The teams I have seen actually move the needle did something else. They stopped treating AI as a chatbot that engineers consult, and started treating it as a structured part of the workflow. Specifically, they built a skill library: a collection of named, scoped, auditable procedures that the AI executes on behalf of the engineer, with hard gates between each step.

This is the story of one of those skill libraries. The client is a B2B SaaS company with roughly thirty engineers. Their codebase is a Rails monolith on the backend, four mobile and web clients on the frontend, and a half-dozen specialized services around the edges. Their tickets come in through Jira and merge through GitHub.

After a year of building skills against that stack, the team had moved from “we use AI assistants” to “AI is a structured part of how we ship.” Routine tickets stopped going through senior-engineer escalation. PR-time regressions declined visibly (we tracked them on a single dashboard). Throughput per engineer on routine ticket types improved in a way the team could feel but did not pretend to have a single clean number for. The wins were specific, not headline.
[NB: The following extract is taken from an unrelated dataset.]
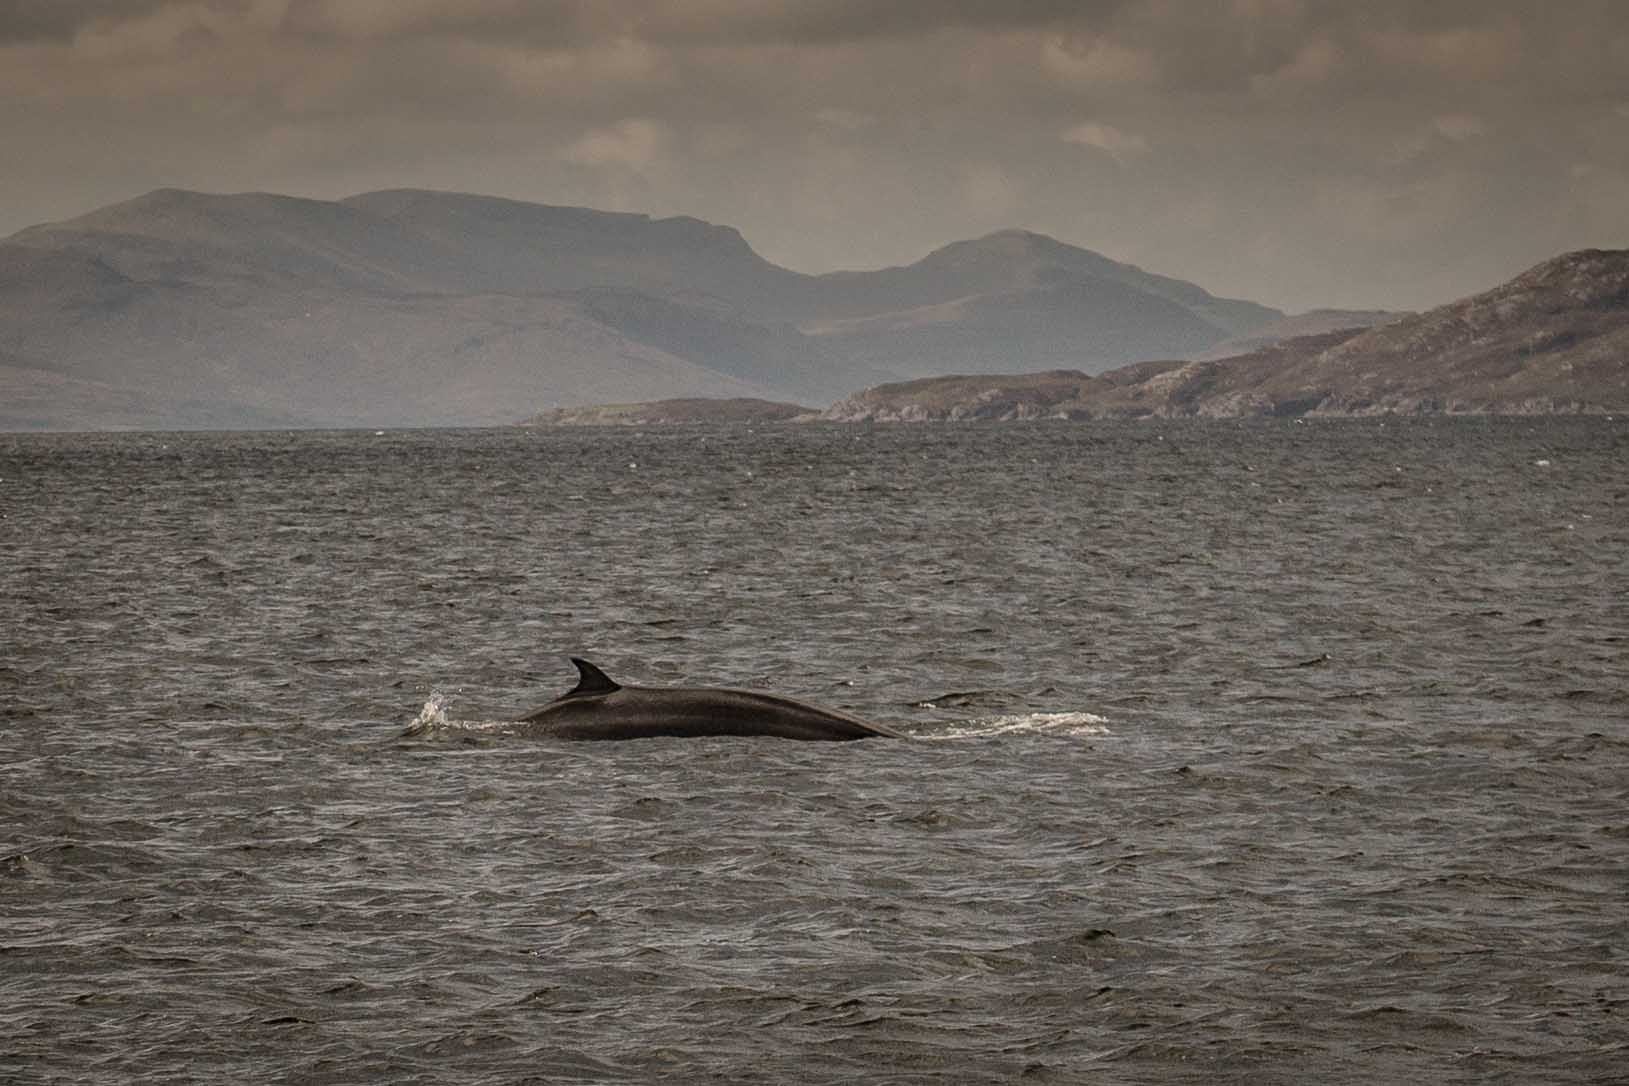 Minke whale - Loch Nevis

Here is what the skill library looks like, what survived, what we threw out, and the one architectural decision that matters more than all the others.

The architectural decision that matters more than all the others

Before the skill catalog, the prompt engineering, or the orchestration: every AI-generated change goes through an independent automated review before it can be opened as a PR. Not a linter pass. An actual review by a second AI agent that did not write the code, has not seen the chain of thought, and is instructed to be ruthless.

If that review fails, the code does not get to the human reviewer. The failures are surfaced to the original agent, which fixes them and re-runs the review. Only when the review passes does the PR get opened.

This is the hard gate. Without it, the rest of the skill library is a way of generating mediocre code at scale. With it, the skill library is a way of generating reviewed code at scale.

I will come back to this. It is the core insight. The catalog and the orchestration are interesting, but they are downstream of the gate.

The skill taxonomy

Skills are named workflows. A skill receives input (usually a ticket key or a path), runs a procedure, and produces output (a draft PR, a research note, a status update). Skills can invoke other skills.

The catalog we settled on, after culling roughly twice as many candidates:

workspace: Bootstrap and configure the developer environment. /workspace:setup, /workspace:reset-db, /workspace:setup-secrets. Replaces the README that nobody reads.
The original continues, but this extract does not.